Schorling JB, Roach J, Siegel M, Baturka N, Hunt DE, Guterbock TM, Stewart HL: A trial of church-based smoking cessation interventions for rural African Americans. Preventive Medicine 26:92-101; 1997.

diaURL = "https://raw.githubusercontent.com/pengdsci/STA501/main/Data/diabetes.csv"
diabetes = read.csv(diaURL, header = TRUE)
kable(t(head(diabetes)))

	1	2	3	4	5	6
id	1000	1001	1002	1003	1005	1008
chol	203	165	228	78	249	248
stab.glu	82	97	92	93	90	94
hdl	56	24	37	12	28	69
ratio	3.6	6.9	6.2	6.5	8.9	3.6
glyhb	4.31	4.44	4.64	4.63	7.72	4.81
location	Buckingham	Buckingham	Buckingham	Buckingham	Buckingham	Buckingham
age	46	29	58	67	64	34
gender	female	female	female	male	male	male
height	62	64	61	67	68	71
weight	121	218	256	119	183	190
frame	medium	large	large	large	medium	large
bp.1s	118	112	190	110	138	132
bp.1d	59	68	92	50	80	86
bp.2s	NA	NA	185	NA	NA	NA
bp.2d	NA	NA	92	NA	NA	NA
waist	29	46	49	33	44	36
hip	38	48	57	38	41	42
time.ppn	720	360	180	480	300	195

We can see from the first 6 observations that there are 15 numerical variables and 3 categorical variables. Variable bp.2s and bp.2d have missing values. To complete this week’s assignment, you need to choose one numerical variable and one categorical variable with NO missing values.

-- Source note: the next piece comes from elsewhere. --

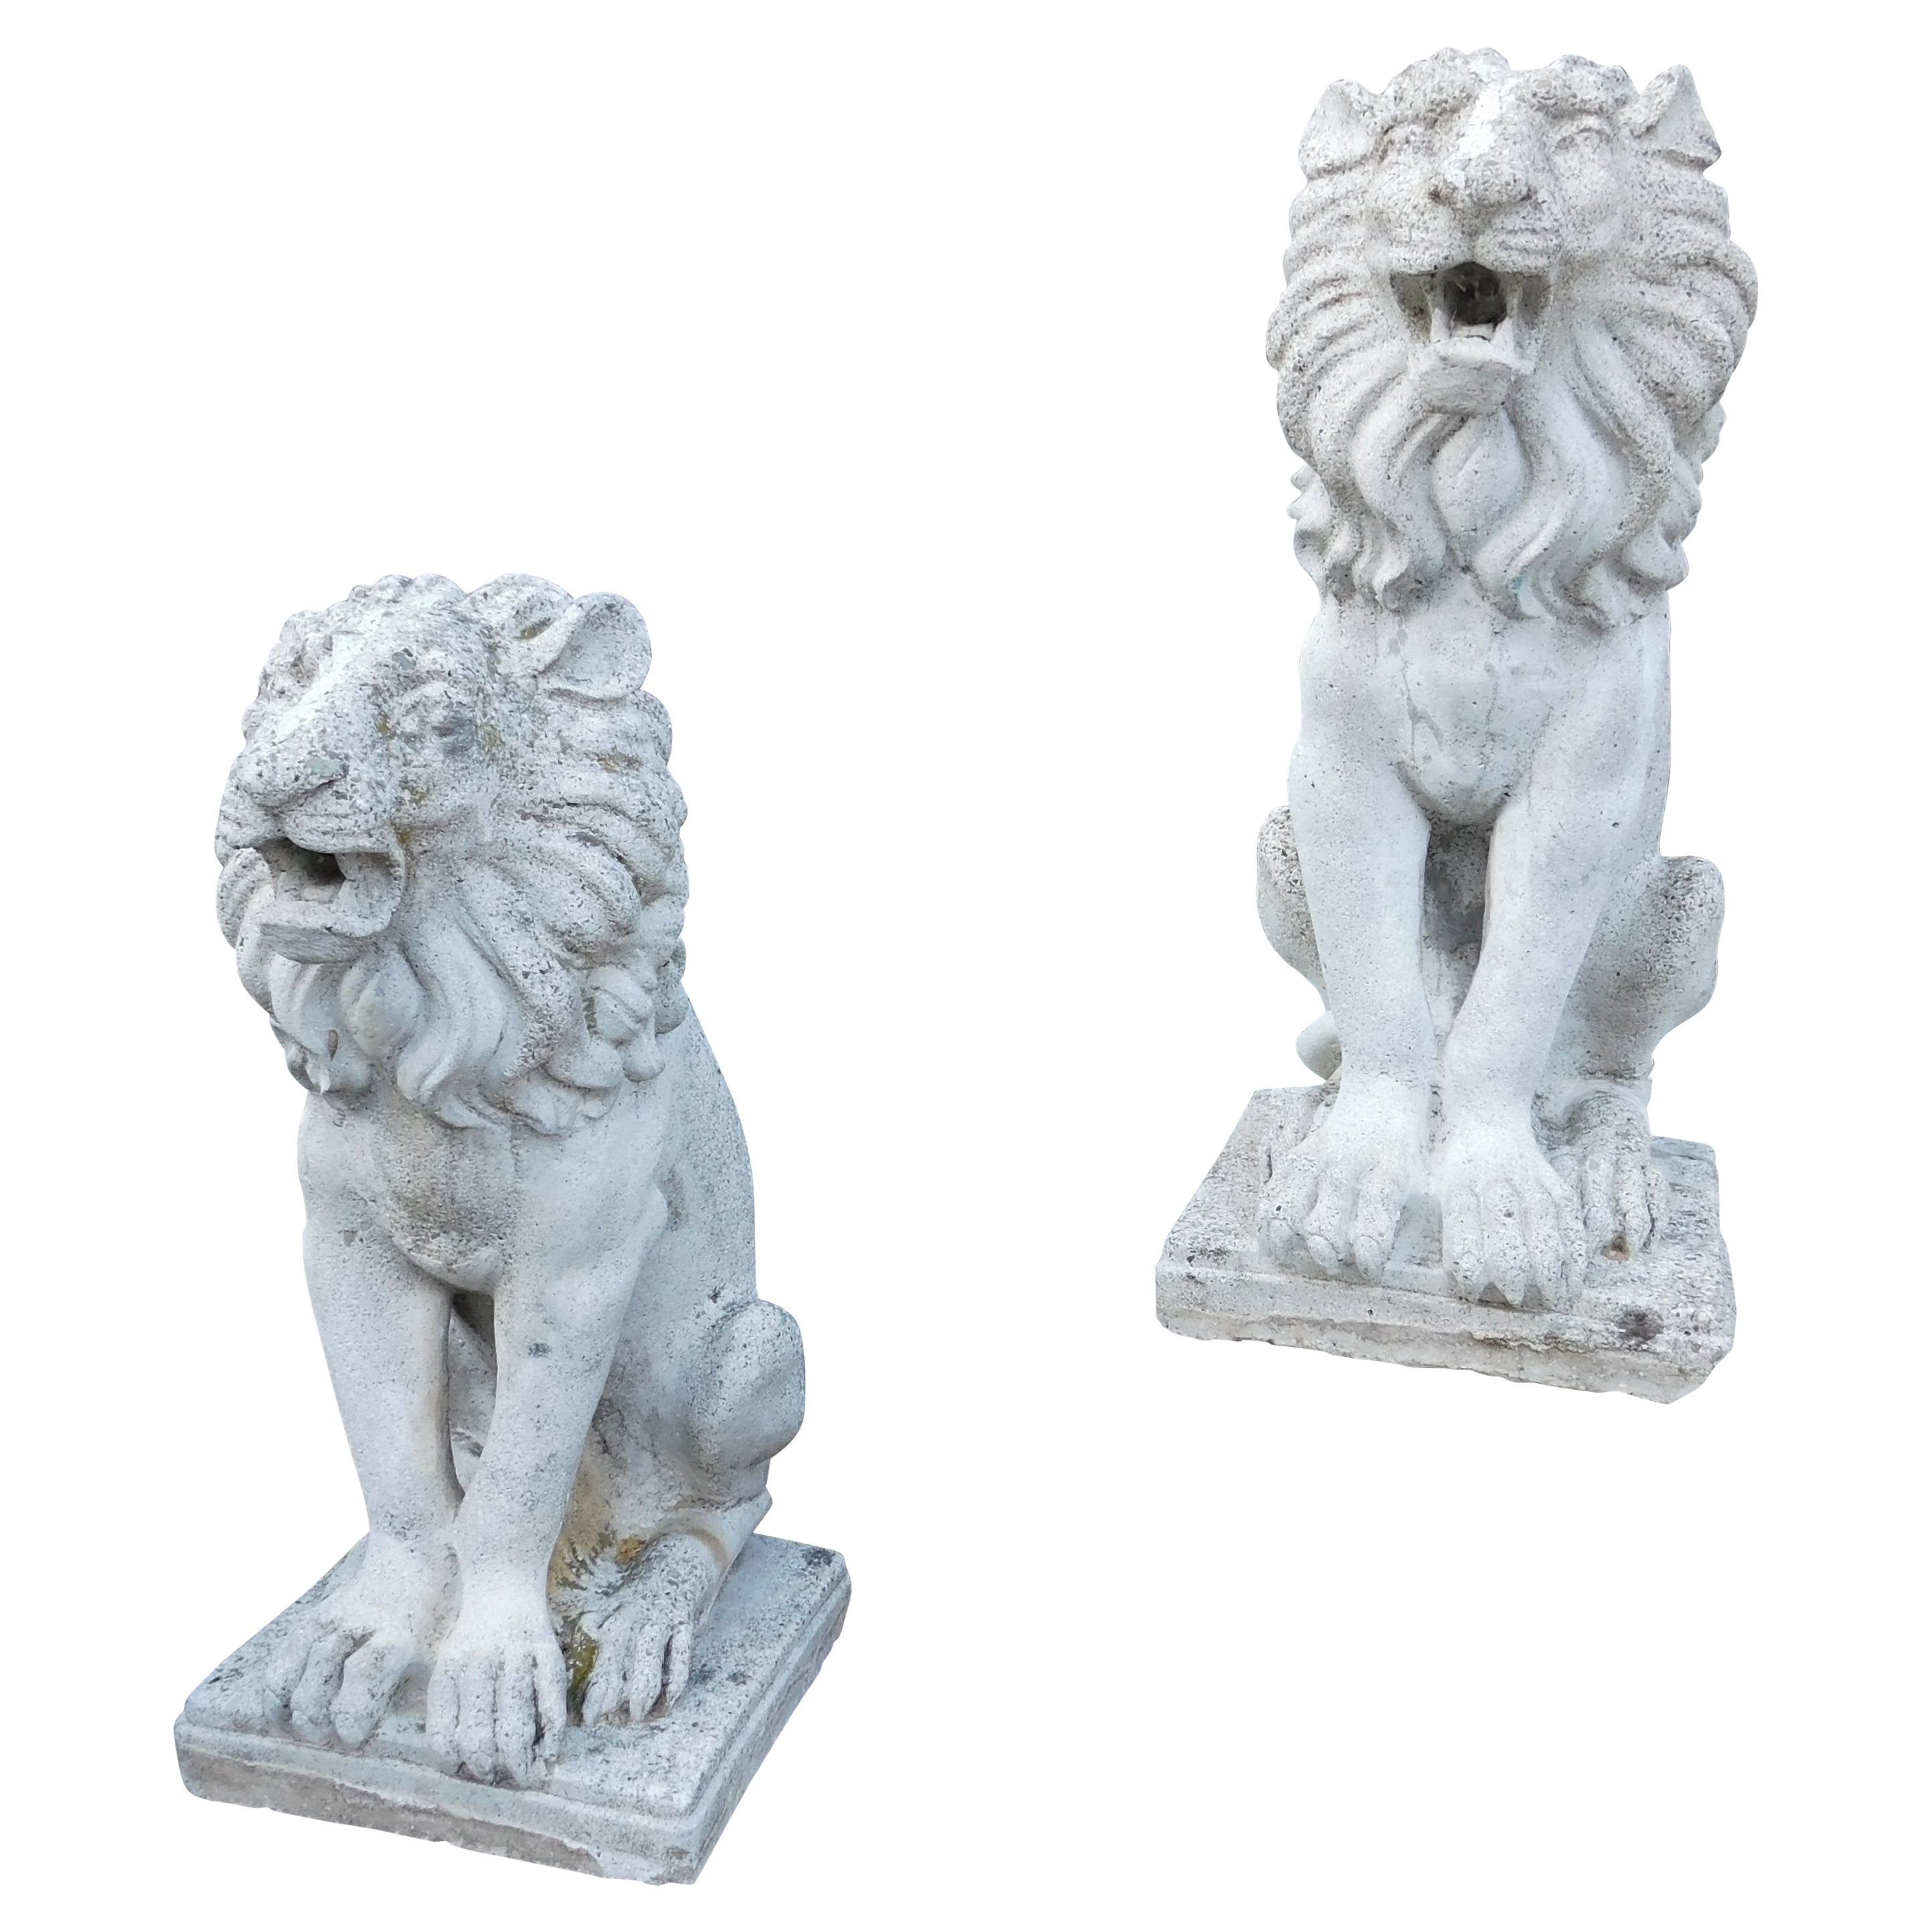 Pair of Vintage Concrete Lions for Garden, 1900s, Italy

The following code shows how to extract variables from the data frame. I will use the two variables with missing values as an example. You can modify the code to extract your variables for the assignment.

bp.2s <- diabetes$bp.2s
bp.2d <- diabetes$bp.2d

4.4.1 Summarizing Categorical Data

Use the categorical variable you selected to perform the following analysis
- Construct a relative frequency table. Write a few sentences to describe the distribution of the variable. Note that you are encouraged to construct a frequency table with all four types of frequencies as I did in the class note.
- Construct a pie-chart to represent the distribution of the categorical variable.
Using the numerical variable you chose from the diabetes data to answer the following questions.
- Construct a relative frequency table of the numerical variable with 10 categories. In other words, the frequency table should have 10 rows. You are encouraged to include all 4 frequencies in the table. Please provide a brief description of the relative frequencies.
- Construct a histogram of the numerical variable with 10 vertical bars. In other words, the histogram is a geometric representation of the frequency table. Explain the distribution of the variable. Is it skewed to the left or the right?
- Construct a box-plot and explain it. That is, can you tell whether the distribution is skewed to the right or the left?